[Saved entries]
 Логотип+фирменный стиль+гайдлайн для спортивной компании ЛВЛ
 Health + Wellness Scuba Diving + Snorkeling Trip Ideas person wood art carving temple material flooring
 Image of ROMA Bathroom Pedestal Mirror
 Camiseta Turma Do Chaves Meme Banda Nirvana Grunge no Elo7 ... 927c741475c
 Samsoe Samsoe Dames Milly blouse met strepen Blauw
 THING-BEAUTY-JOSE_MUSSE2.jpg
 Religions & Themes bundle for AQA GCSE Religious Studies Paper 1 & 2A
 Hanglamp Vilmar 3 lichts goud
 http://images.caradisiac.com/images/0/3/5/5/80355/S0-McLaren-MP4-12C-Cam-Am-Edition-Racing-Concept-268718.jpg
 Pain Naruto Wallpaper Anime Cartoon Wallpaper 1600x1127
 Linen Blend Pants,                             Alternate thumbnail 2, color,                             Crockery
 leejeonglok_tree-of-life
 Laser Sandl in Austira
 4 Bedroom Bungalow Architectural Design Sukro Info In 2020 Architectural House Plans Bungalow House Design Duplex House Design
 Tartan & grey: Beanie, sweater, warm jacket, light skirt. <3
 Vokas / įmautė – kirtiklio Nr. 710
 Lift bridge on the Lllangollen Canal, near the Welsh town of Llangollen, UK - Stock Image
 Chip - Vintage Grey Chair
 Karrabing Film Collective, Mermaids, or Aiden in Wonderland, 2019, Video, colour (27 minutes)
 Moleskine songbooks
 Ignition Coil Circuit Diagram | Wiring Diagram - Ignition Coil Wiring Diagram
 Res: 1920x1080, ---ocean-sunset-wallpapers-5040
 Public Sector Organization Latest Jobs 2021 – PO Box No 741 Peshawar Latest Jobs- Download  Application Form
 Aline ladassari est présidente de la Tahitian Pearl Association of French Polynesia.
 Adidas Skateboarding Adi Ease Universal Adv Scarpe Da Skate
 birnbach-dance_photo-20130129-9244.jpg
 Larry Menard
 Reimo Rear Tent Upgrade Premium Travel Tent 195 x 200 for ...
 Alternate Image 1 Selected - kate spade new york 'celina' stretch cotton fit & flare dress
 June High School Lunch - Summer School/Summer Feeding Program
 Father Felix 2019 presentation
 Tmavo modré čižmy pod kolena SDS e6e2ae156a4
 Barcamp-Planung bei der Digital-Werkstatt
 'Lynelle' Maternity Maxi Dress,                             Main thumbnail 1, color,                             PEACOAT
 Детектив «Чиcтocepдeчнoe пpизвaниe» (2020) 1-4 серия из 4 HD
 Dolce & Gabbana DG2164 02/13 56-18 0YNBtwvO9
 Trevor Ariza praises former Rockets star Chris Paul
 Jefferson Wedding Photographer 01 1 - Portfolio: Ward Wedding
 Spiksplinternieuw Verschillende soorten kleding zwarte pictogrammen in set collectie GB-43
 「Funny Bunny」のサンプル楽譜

(Aim of the task): Quote verbatim the line containing "Pain Naruto Wallpaper" and every line after it through the end of the records above.

(Result below):
 Pain Naruto Wallpaper Anime Cartoon Wallpaper 1600x1127
 Linen Blend Pants,                             Alternate thumbnail 2, color,                             Crockery
 leejeonglok_tree-of-life
 Laser Sandl in Austira
 4 Bedroom Bungalow Architectural Design Sukro Info In 2020 Architectural House Plans Bungalow House Design Duplex House Design
 Tartan & grey: Beanie, sweater, warm jacket, light skirt. <3
 Vokas / įmautė – kirtiklio Nr. 710
 Lift bridge on the Lllangollen Canal, near the Welsh town of Llangollen, UK - Stock Image
 Chip - Vintage Grey Chair
 Karrabing Film Collective, Mermaids, or Aiden in Wonderland, 2019, Video, colour (27 minutes)
 Moleskine songbooks
 Ignition Coil Circuit Diagram | Wiring Diagram - Ignition Coil Wiring Diagram
 Res: 1920x1080, ---ocean-sunset-wallpapers-5040
 Public Sector Organization Latest Jobs 2021 – PO Box No 741 Peshawar Latest Jobs- Download  Application Form
 Aline ladassari est présidente de la Tahitian Pearl Association of French Polynesia.
 Adidas Skateboarding Adi Ease Universal Adv Scarpe Da Skate
 birnbach-dance_photo-20130129-9244.jpg
 Larry Menard
 Reimo Rear Tent Upgrade Premium Travel Tent 195 x 200 for ...
 Alternate Image 1 Selected - kate spade new york 'celina' stretch cotton fit & flare dress
 June High School Lunch - Summer School/Summer Feeding Program
 Father Felix 2019 presentation
 Tmavo modré čižmy pod kolena SDS e6e2ae156a4
 Barcamp-Planung bei der Digital-Werkstatt
 'Lynelle' Maternity Maxi Dress,                             Main thumbnail 1, color,                             PEACOAT
 Детектив «Чиcтocepдeчнoe пpизвaниe» (2020) 1-4 серия из 4 HD
 Dolce & Gabbana DG2164 02/13 56-18 0YNBtwvO9
 Trevor Ariza praises former Rockets star Chris Paul
 Jefferson Wedding Photographer 01 1 - Portfolio: Ward Wedding
 Spiksplinternieuw Verschillende soorten kleding zwarte pictogrammen in set collectie GB-43
 「Funny Bunny」のサンプル楽譜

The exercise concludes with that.